*EXERCISE AIM:* Where does the word "base" occur in the data below? Copy each line that holds it.

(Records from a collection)

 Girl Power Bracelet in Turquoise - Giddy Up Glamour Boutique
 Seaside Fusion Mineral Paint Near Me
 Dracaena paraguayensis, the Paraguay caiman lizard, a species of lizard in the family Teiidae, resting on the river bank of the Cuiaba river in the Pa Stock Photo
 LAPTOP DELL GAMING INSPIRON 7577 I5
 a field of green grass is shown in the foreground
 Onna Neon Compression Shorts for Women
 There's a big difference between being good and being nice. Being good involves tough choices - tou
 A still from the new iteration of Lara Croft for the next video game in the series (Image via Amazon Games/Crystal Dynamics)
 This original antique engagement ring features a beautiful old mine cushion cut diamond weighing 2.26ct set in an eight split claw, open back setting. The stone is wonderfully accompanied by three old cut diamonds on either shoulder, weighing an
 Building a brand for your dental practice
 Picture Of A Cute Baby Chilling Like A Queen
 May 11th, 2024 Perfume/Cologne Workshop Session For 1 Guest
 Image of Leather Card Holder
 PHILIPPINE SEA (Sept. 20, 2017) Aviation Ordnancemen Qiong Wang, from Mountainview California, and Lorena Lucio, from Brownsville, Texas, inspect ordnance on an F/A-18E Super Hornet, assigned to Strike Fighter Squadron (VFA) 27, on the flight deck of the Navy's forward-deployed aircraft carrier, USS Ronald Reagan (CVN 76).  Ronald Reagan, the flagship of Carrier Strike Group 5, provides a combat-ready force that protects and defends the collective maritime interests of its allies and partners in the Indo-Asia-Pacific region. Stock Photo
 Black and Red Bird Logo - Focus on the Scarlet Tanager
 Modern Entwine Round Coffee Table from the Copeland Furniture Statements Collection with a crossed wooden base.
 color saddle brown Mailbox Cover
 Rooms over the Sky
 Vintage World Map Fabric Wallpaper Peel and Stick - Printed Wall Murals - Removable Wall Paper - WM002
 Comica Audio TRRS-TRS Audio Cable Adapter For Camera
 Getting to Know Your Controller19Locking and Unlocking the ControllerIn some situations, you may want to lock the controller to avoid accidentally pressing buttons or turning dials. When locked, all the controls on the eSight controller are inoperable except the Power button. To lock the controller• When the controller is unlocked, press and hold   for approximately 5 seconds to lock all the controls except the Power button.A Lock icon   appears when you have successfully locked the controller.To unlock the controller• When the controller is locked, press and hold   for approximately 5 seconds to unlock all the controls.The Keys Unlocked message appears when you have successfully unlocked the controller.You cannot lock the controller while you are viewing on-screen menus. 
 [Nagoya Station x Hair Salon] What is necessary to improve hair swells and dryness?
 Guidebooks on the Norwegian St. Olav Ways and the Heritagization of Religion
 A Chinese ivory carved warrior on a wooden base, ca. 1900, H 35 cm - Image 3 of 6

*RESPONSE:*
 Modern Entwine Round Coffee Table from the Copeland Furniture Statements Collection with a crossed wooden base.
 A Chinese ivory carved warrior on a wooden base, ca. 1900, H 35 cm - Image 3 of 6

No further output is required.